Perl print matched content only

2019-09-14 05:50发布

问题:

I am developing a web crawler in Perl. It extracts contents from the page and then a pattern match is done to check the language of the content. Unicode values are used to match the content.

Sometimes the extracted content contains text in multiple languages.
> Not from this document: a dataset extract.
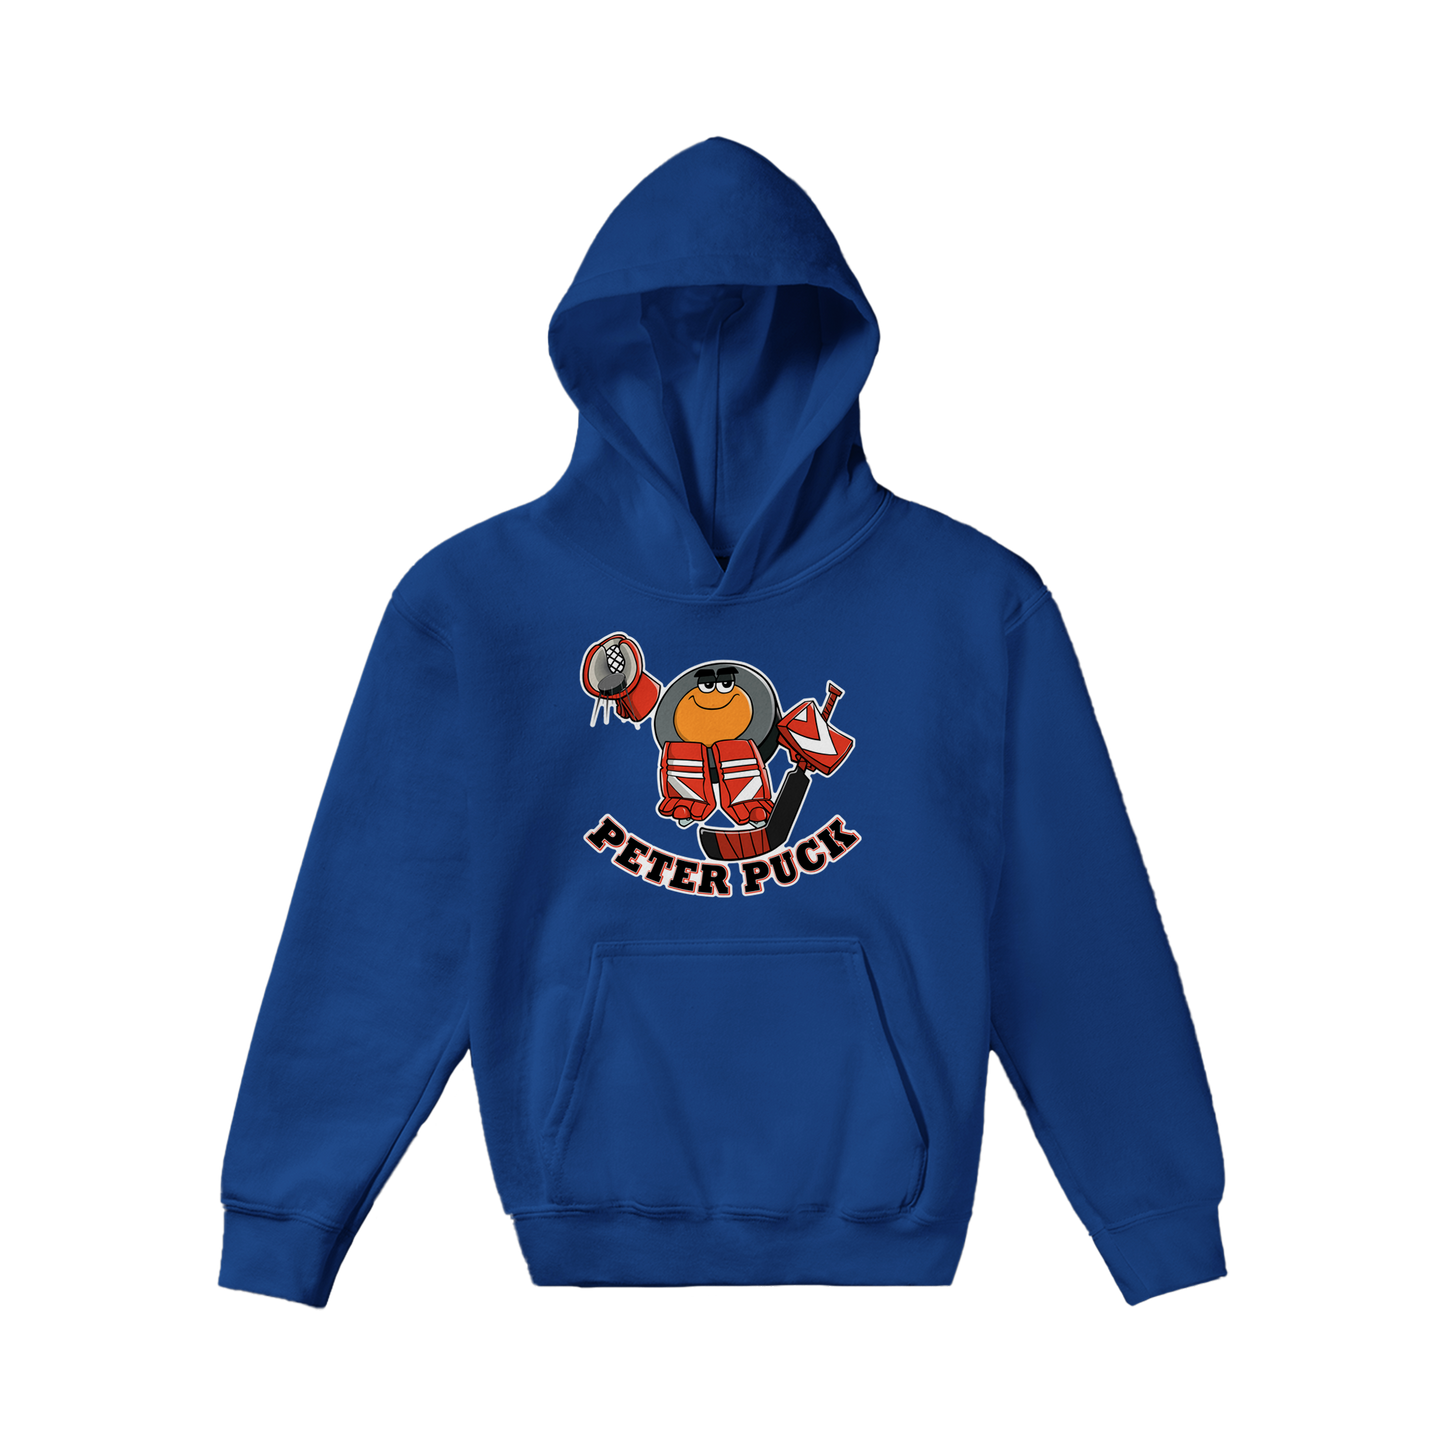 Peter Puck Goalie Save Classic Kids Pullover Hoodie

The pattern match I used here prints all the text, but I want to print only the text that matches the Unicode values specified in the pattern.
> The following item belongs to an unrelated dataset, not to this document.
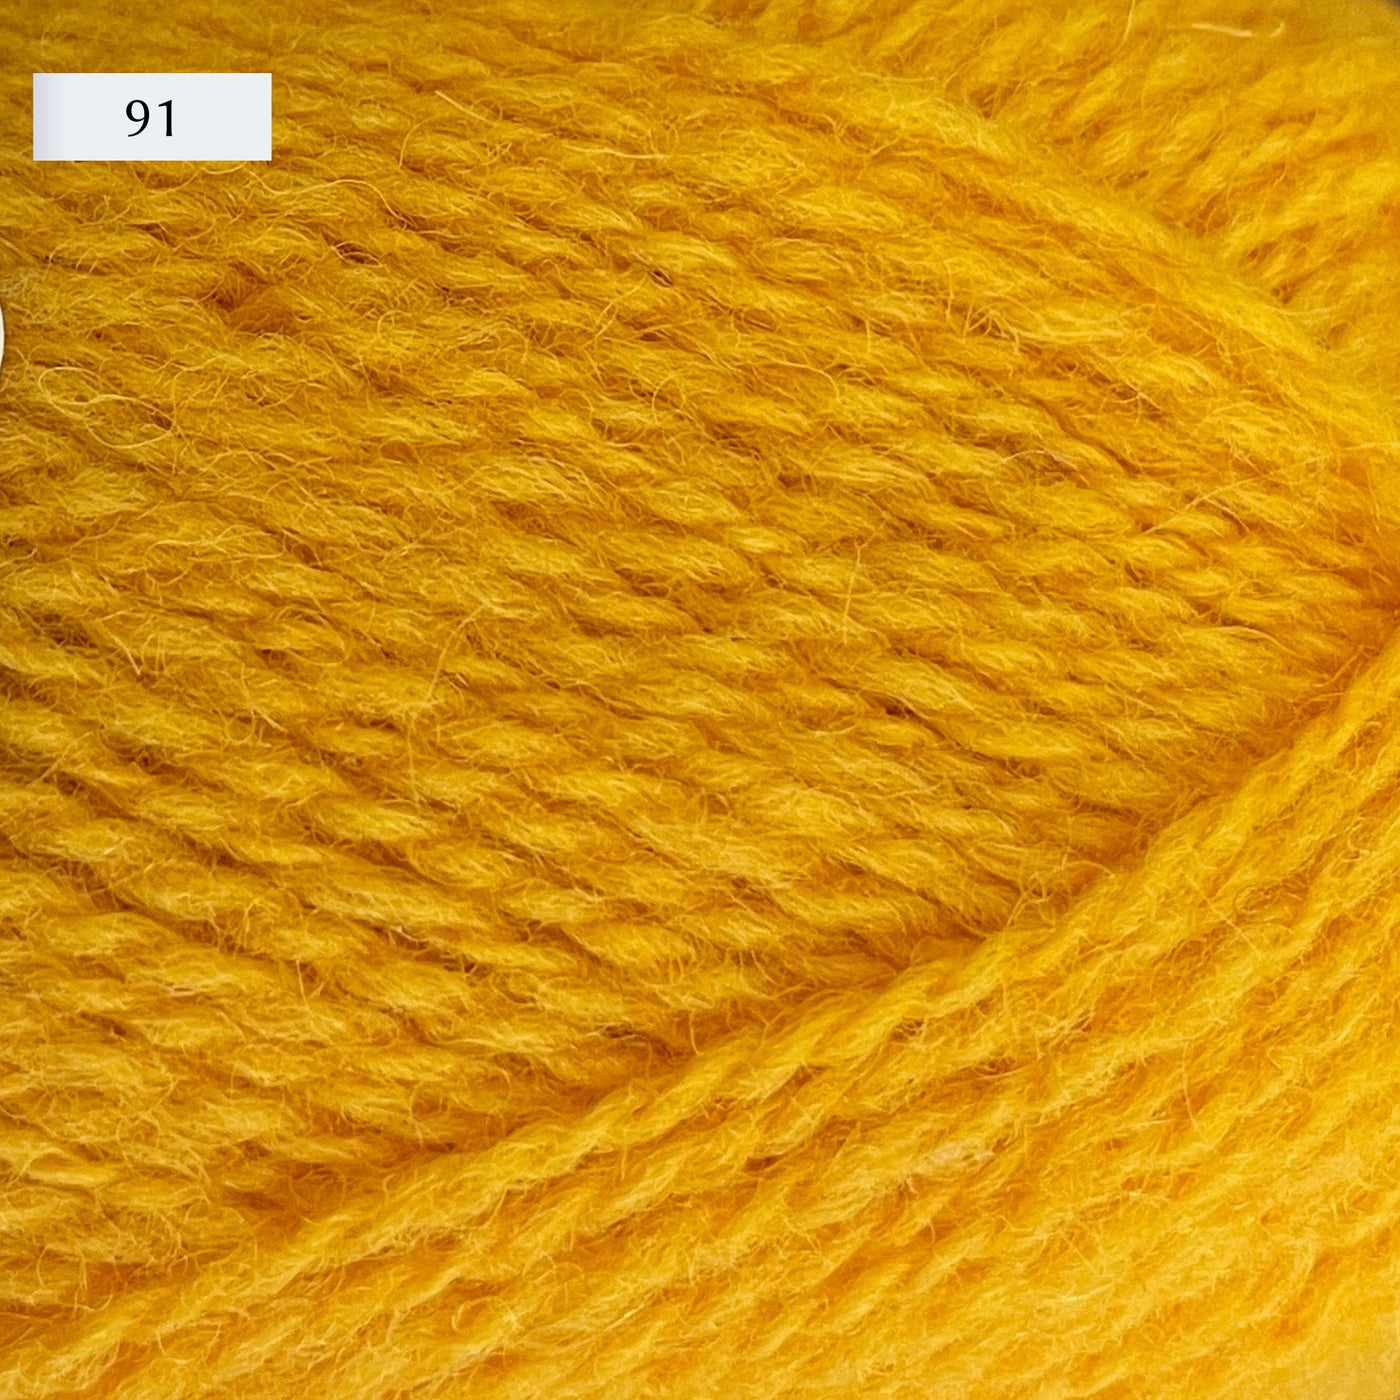 Jamieson & Smith 2ply Jumper Weight, light fingering weight yarn, in color 91, a rich golden yellow

my $uu         = LWP::UserAgent->new('Mozilla 1.3');
my $extractorr = HTML::ContentExtractor->new();

# create response object to get the url
my $responsee = $uu->get($url);
my $contentss = $responsee->decoded_content();

$range = "([\x{0C00}-\x{0C7F}]+)";    # match particular language

if ($contentss =~ m/$range/) {
  $extractorr->extract($url, $contentss);
  print "$url\n";
  binmode(STDOUT, ":utf8");
  print $extractorr->as_text;
}

回答1:

It would be better to match characters with a particular Unicode property, rather than trying to formulate an appropriate character class.

The code points in the range 0x0C00...0x0C7F correspond to characters in Telugu (one of the Indian languages) which you can match using the regex /\p{Telugu}/.

The other properties you will probably need are /\p{Kannada}/, /\p{Malayalam}/, /\p{Devanagari}/, and /\p{Tamil}/